Hospitalized COVID-19 Patients Characteristics, Comorbidities, and Outcomes: A Retrospective Study
Abstract
The current research aimed to evaluate the hospitalized COVID-19 Patients’ characteristics, comorbidities, and outcomes. The present hospital-based study was executed in the COVID-19 units of Aljouf province. A simple random sampling method was applied to include the 400 patients’ files and all the relevant data was collected. The association between the COVID-19 outcome with sociodemographic characteristics, comorbidities, and immune status was assessed using the chi-square test.
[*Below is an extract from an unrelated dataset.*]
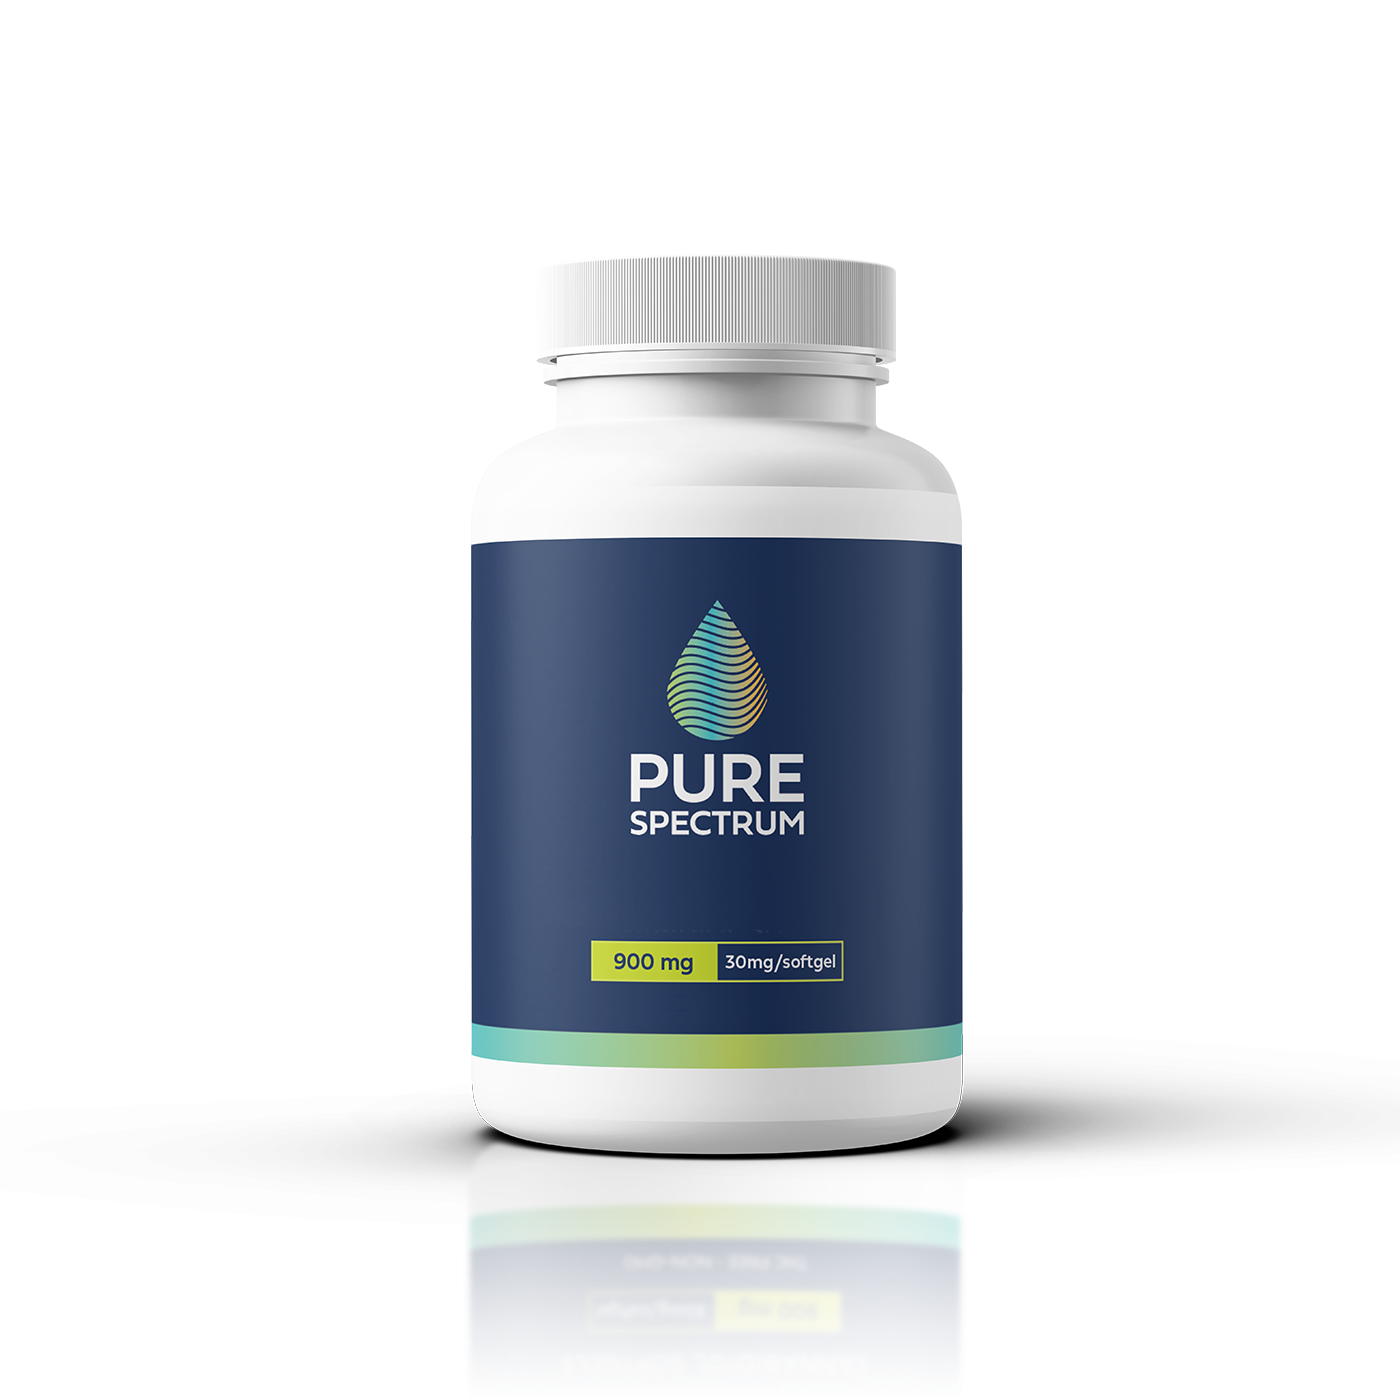 A bottle of Pure Spectrum softgel capsules with 900 mg dosage information.

A p-value <0.05 was taken as statistically significant. The common symptoms were fever (54.5%), followed by cough (47.8%), and shortness of breath (47.3%). The commonest comorbidity was diabetes mellitus (43.5%). Of the 400 patients, 77.3% had recovered without any complications, 4.5% had one or more complications, and mortality was 18.3%. The COVID-19 outcome (complete recovery, recovery with complications, and death) were significantly associated with age (p<0.001), immune status (p=0.001), diabetes (p=0.001), hypertension (p=0.001), IHD (p=0.025), CKD (p=0.001), and cardiac failure (p=0.008). Most of the patients (77.3%) recovered completely and a mortality rate of 18.3% was observed in our study. This study confirms that patients afflicted with co-morbid conditions like diabetes, hypertension, IHD, CKD, and cardiac failure are highly susceptible to poor outcomes.